Image classification - Use this when you want to predict which category an image belongs to (for example, predicting if an image is of a cat or a dog).
Regression (for example, value prediction) - Use this when you want to predict a numeric value (for example, predicting house price).
Forecasting - Use this when you want to forecast future values in a time-series (for example, forecast quarterly sales).
Recommendation - Use this when you want to recommend items to users based on historical ratings (for example, product recommendation).

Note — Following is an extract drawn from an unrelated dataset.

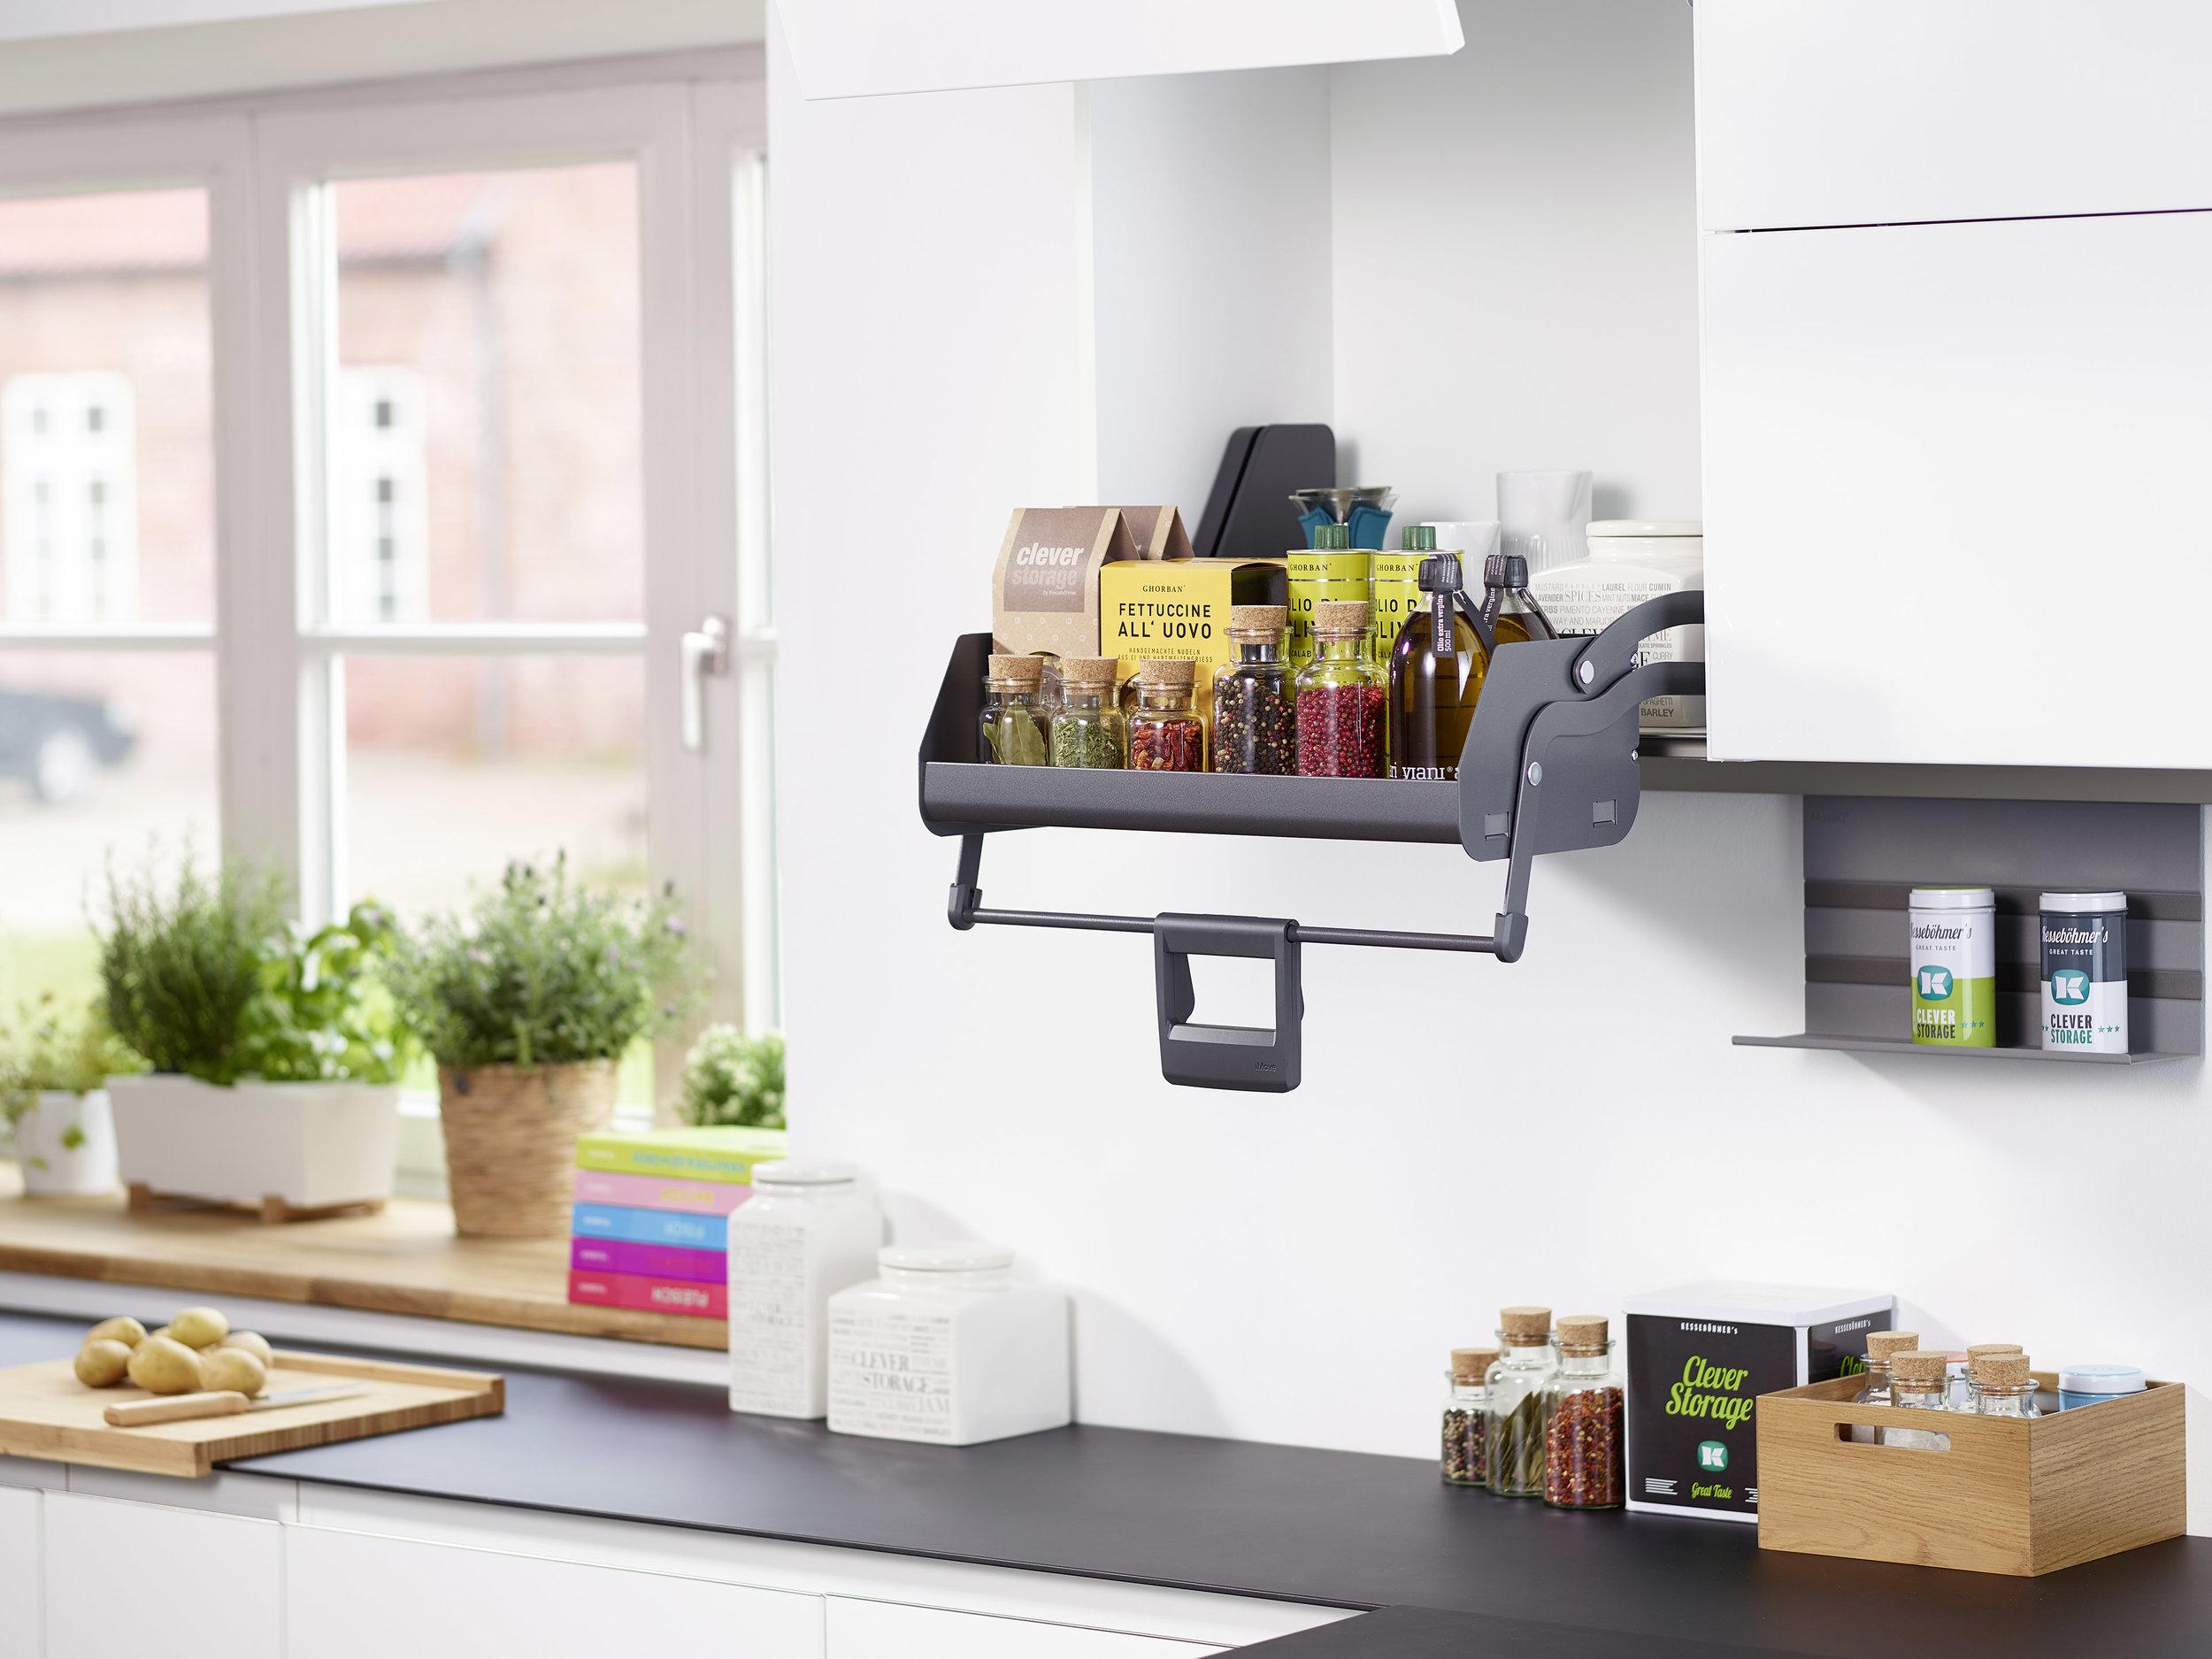 Kitchen Appliance & Storage Trends 2018

Classifications can be either binary (true / false) or by category (cold, warm, hot).
Typical steps
There are some typical steps to take during machine learning:
Data loading and preprocessing
Data processing / pipeline configuration and feature extraction
Train on data
Evaluate the model
Predict a new value
Data loading
ML.NET doesn’t work with record types, so all data columns are only referenced by their names. This can be confusing.
I’m using three data structues:
- one to read in the data
- one how it looks after featurization into vectors
- one for the predictions.
ta a simple example: learning a person’s gender from weight and height.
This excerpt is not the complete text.